◆ Task instructions:
Given the entries below, would you transcribe exactly the lines starting at the one with "Firearms manufactured for sale in the U.S." and ending at the one with "Eagle Towing |", both kept, pictures omitted, nothing extra?

[[ Supplied material, beginning ]]

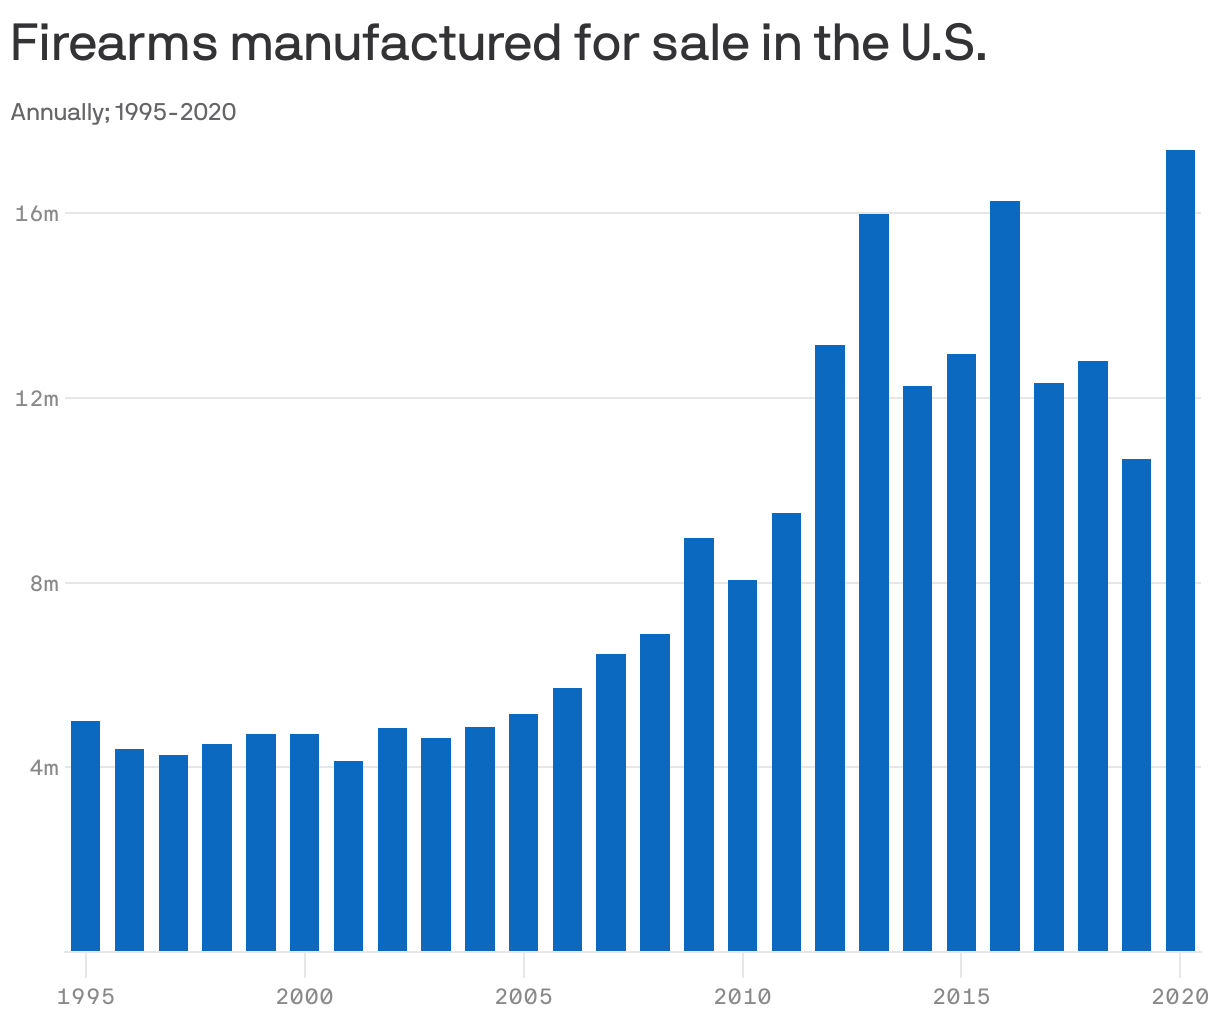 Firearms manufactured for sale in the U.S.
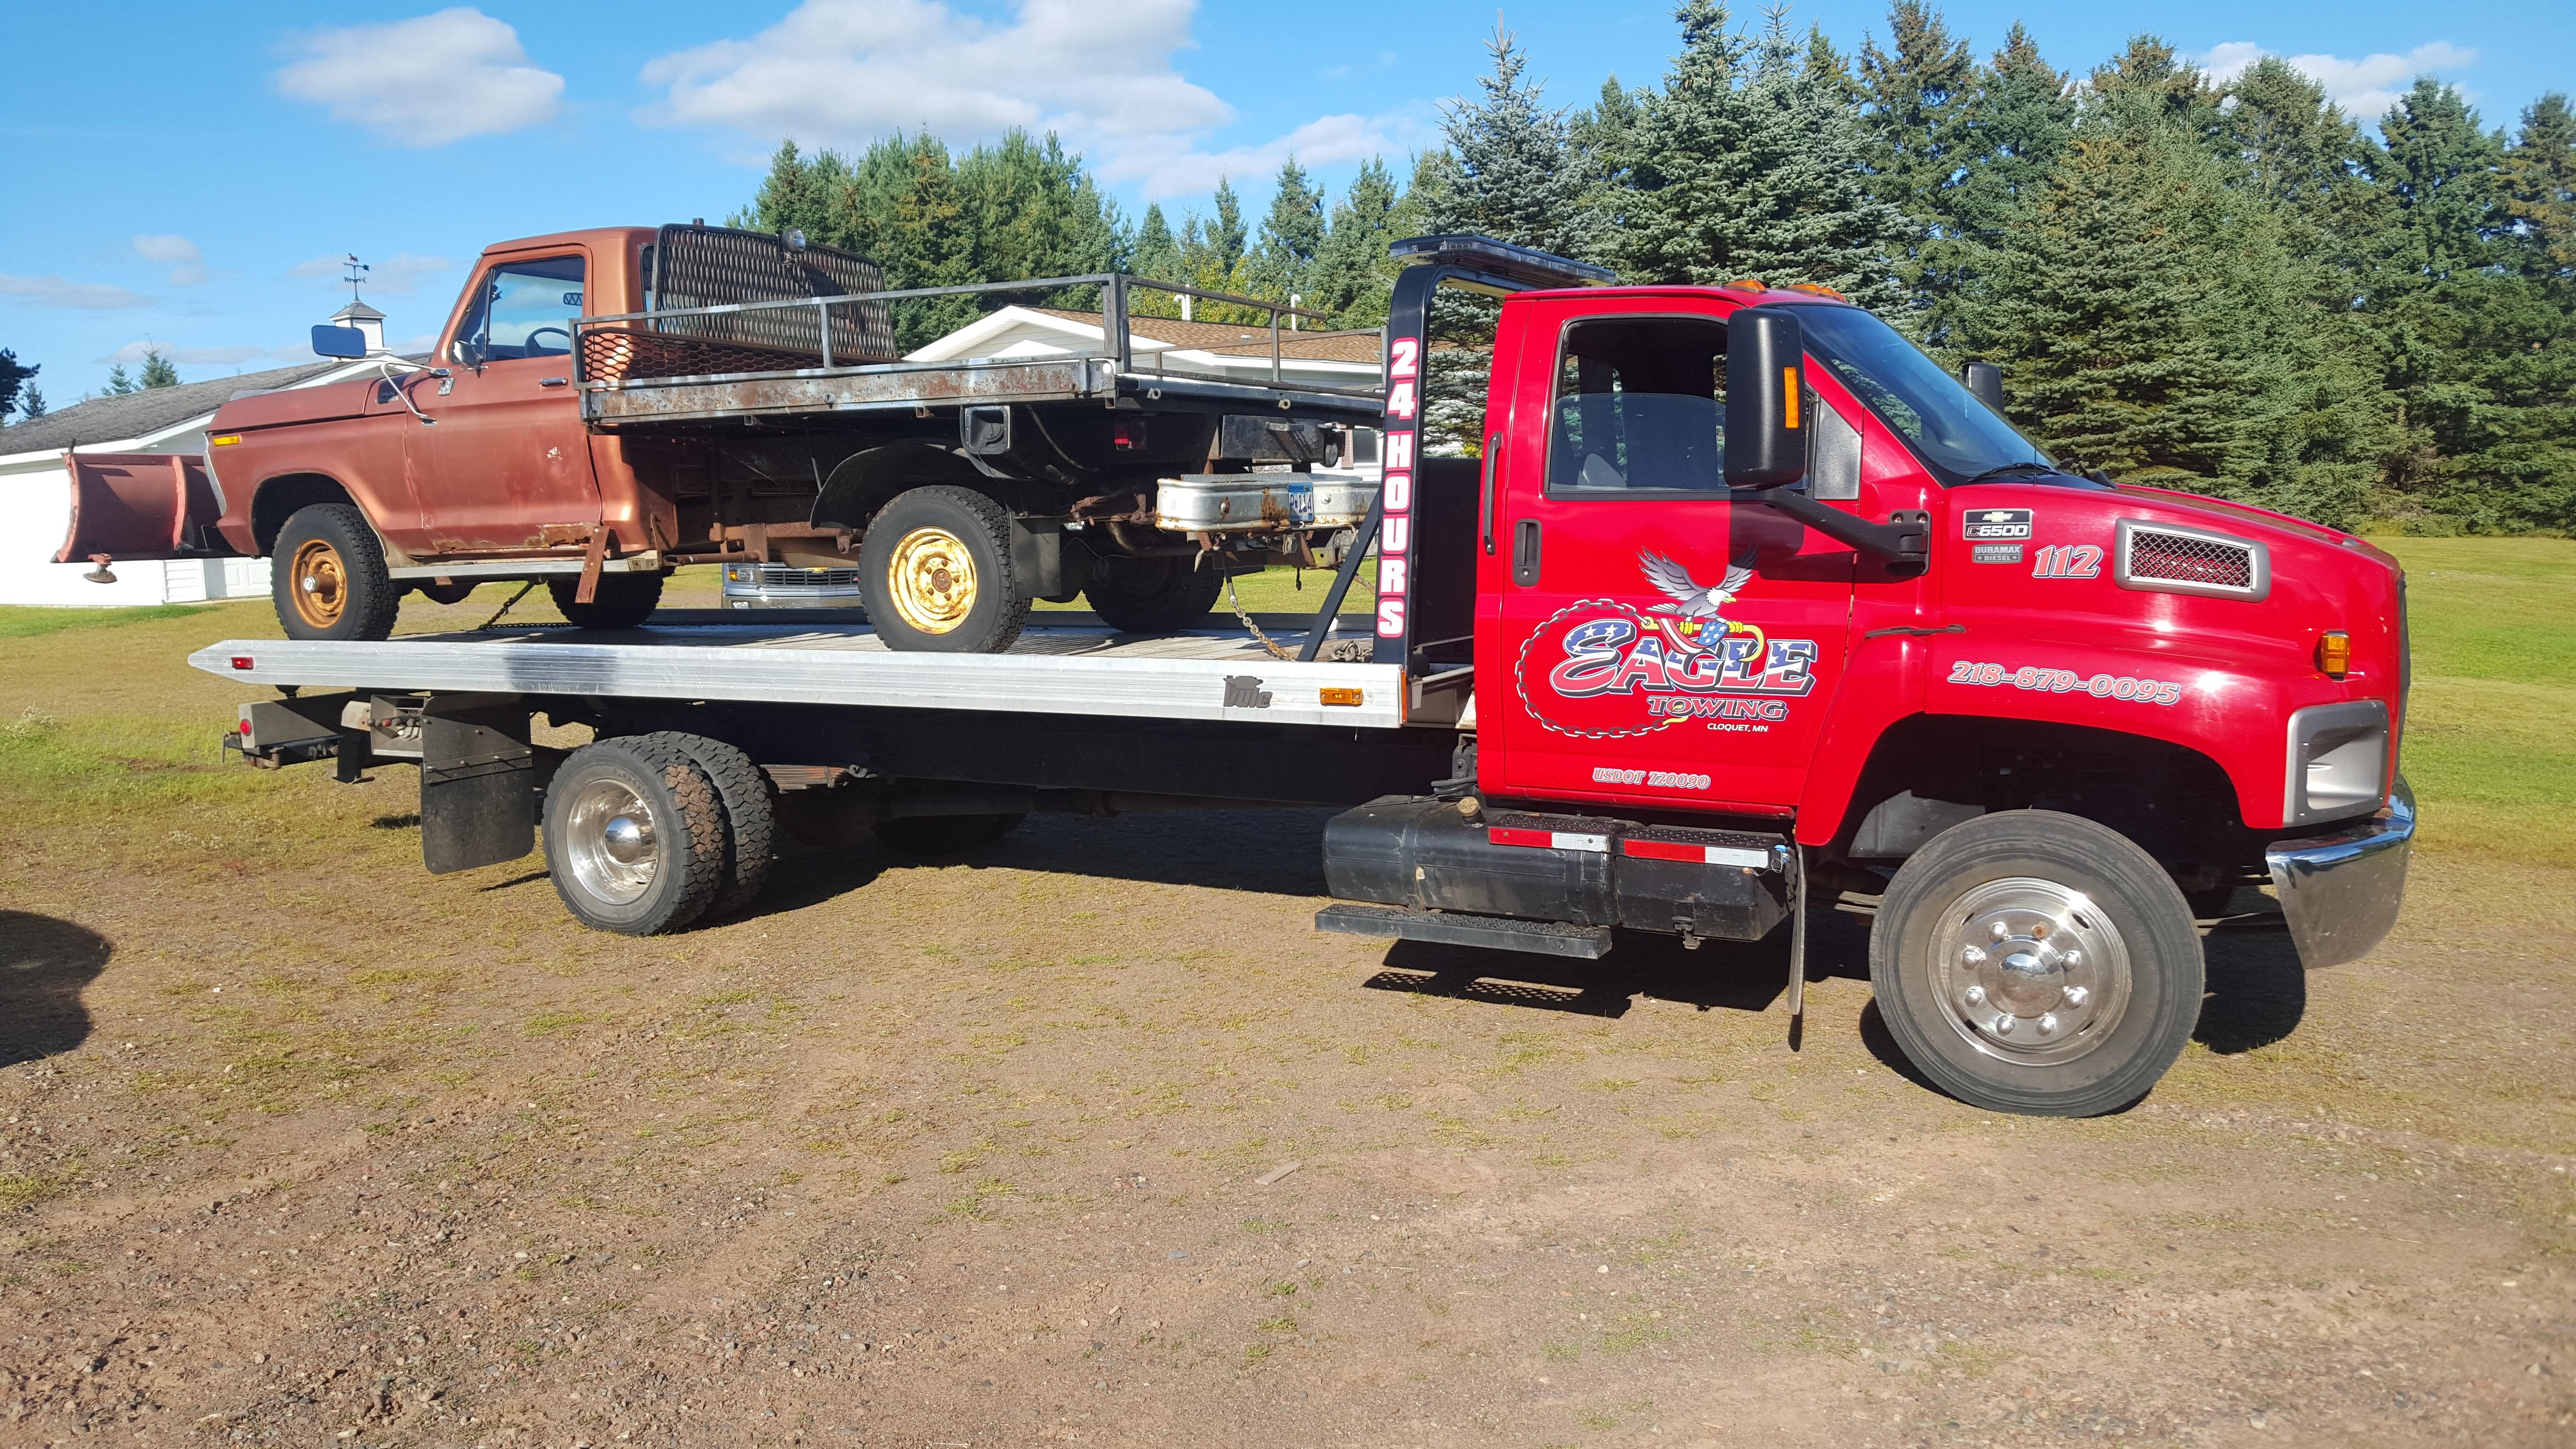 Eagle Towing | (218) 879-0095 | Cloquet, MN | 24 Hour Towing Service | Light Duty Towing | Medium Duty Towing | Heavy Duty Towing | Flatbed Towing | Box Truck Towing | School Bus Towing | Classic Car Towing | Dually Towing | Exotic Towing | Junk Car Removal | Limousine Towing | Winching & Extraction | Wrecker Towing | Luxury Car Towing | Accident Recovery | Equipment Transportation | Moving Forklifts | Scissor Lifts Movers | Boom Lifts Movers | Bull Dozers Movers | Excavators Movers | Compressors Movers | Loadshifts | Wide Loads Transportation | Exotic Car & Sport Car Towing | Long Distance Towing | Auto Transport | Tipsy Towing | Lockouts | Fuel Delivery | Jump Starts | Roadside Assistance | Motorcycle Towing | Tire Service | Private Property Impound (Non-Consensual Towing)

[[ Supplied material, end ]]
[[ Supplied material, beginning ]]

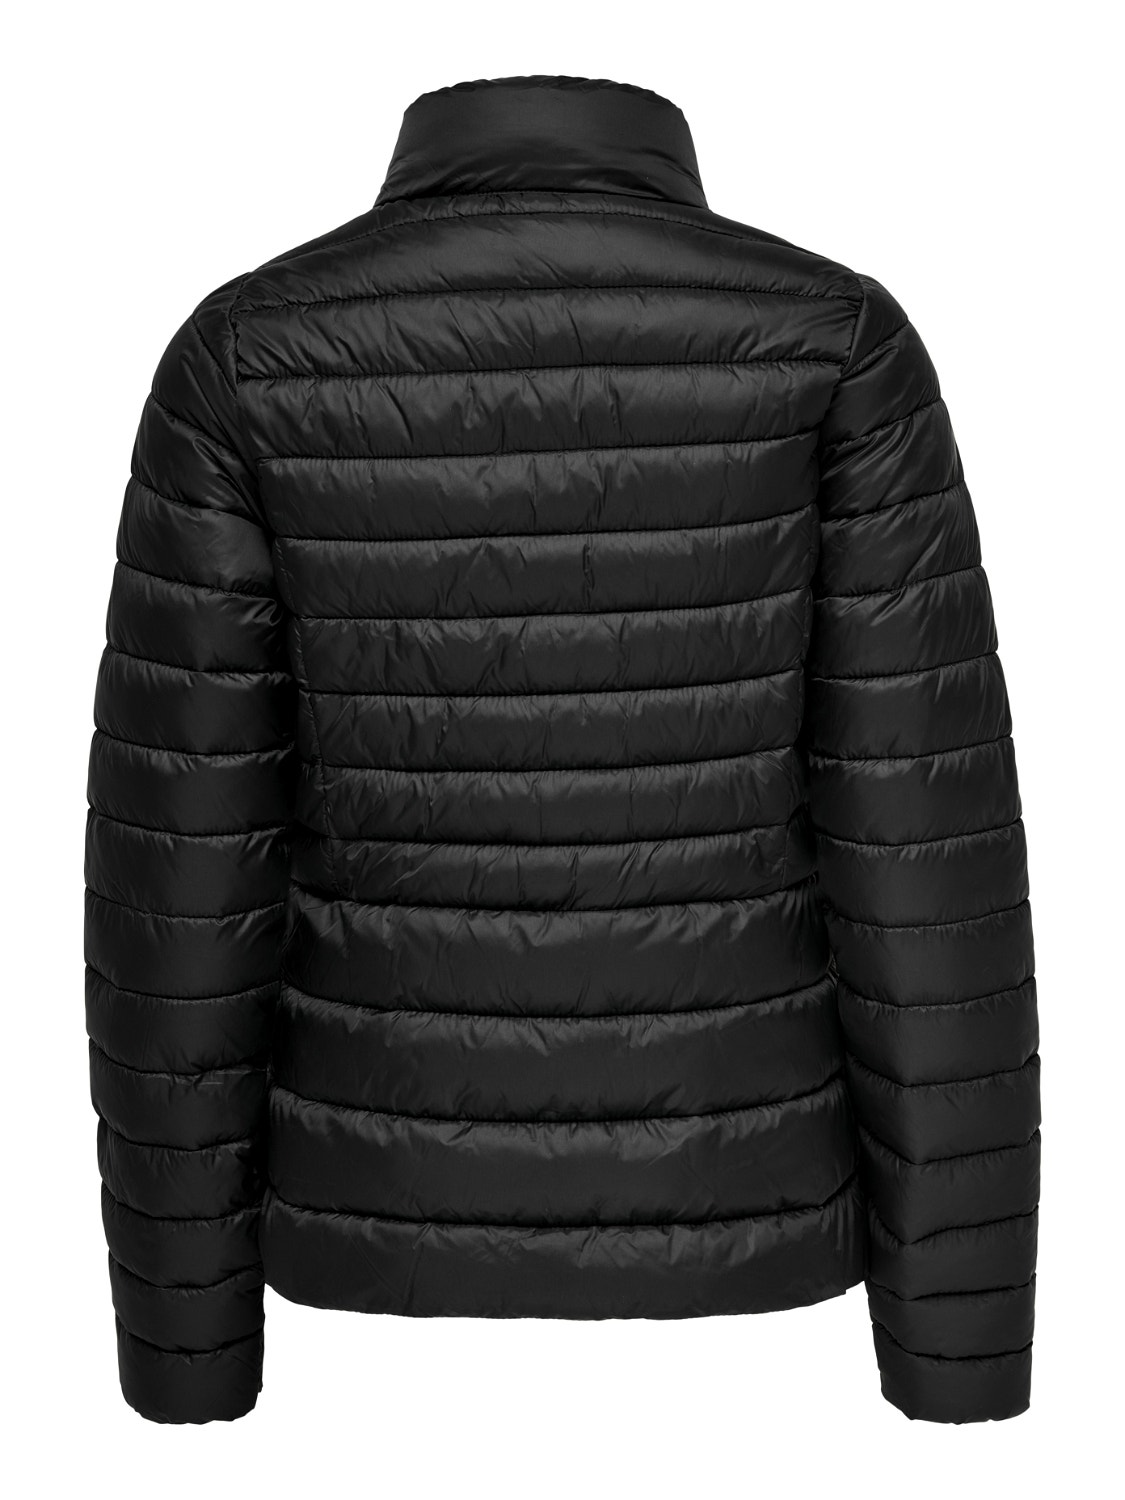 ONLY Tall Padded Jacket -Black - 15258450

[[ Supplied material, end ]]

◆ Result of the exercise:
 Firearms manufactured for sale in the U.S.
 Eagle Towing | (218) 879-0095 | Cloquet, MN | 24 Hour Towing Service | Light Duty Towing | Medium Duty Towing | Heavy Duty Towing | Flatbed Towing | Box Truck Towing | School Bus Towing | Classic Car Towing | Dually Towing | Exotic Towing | Junk Car Removal | Limousine Towing | Winching & Extraction | Wrecker Towing | Luxury Car Towing | Accident Recovery | Equipment Transportation | Moving Forklifts | Scissor Lifts Movers | Boom Lifts Movers | Bull Dozers Movers | Excavators Movers | Compressors Movers | Loadshifts | Wide Loads Transportation | Exotic Car & Sport Car Towing | Long Distance Towing | Auto Transport | Tipsy Towing | Lockouts | Fuel Delivery | Jump Starts | Roadside Assistance | Motorcycle Towing | Tire Service | Private Property Impound (Non-Consensual Towing)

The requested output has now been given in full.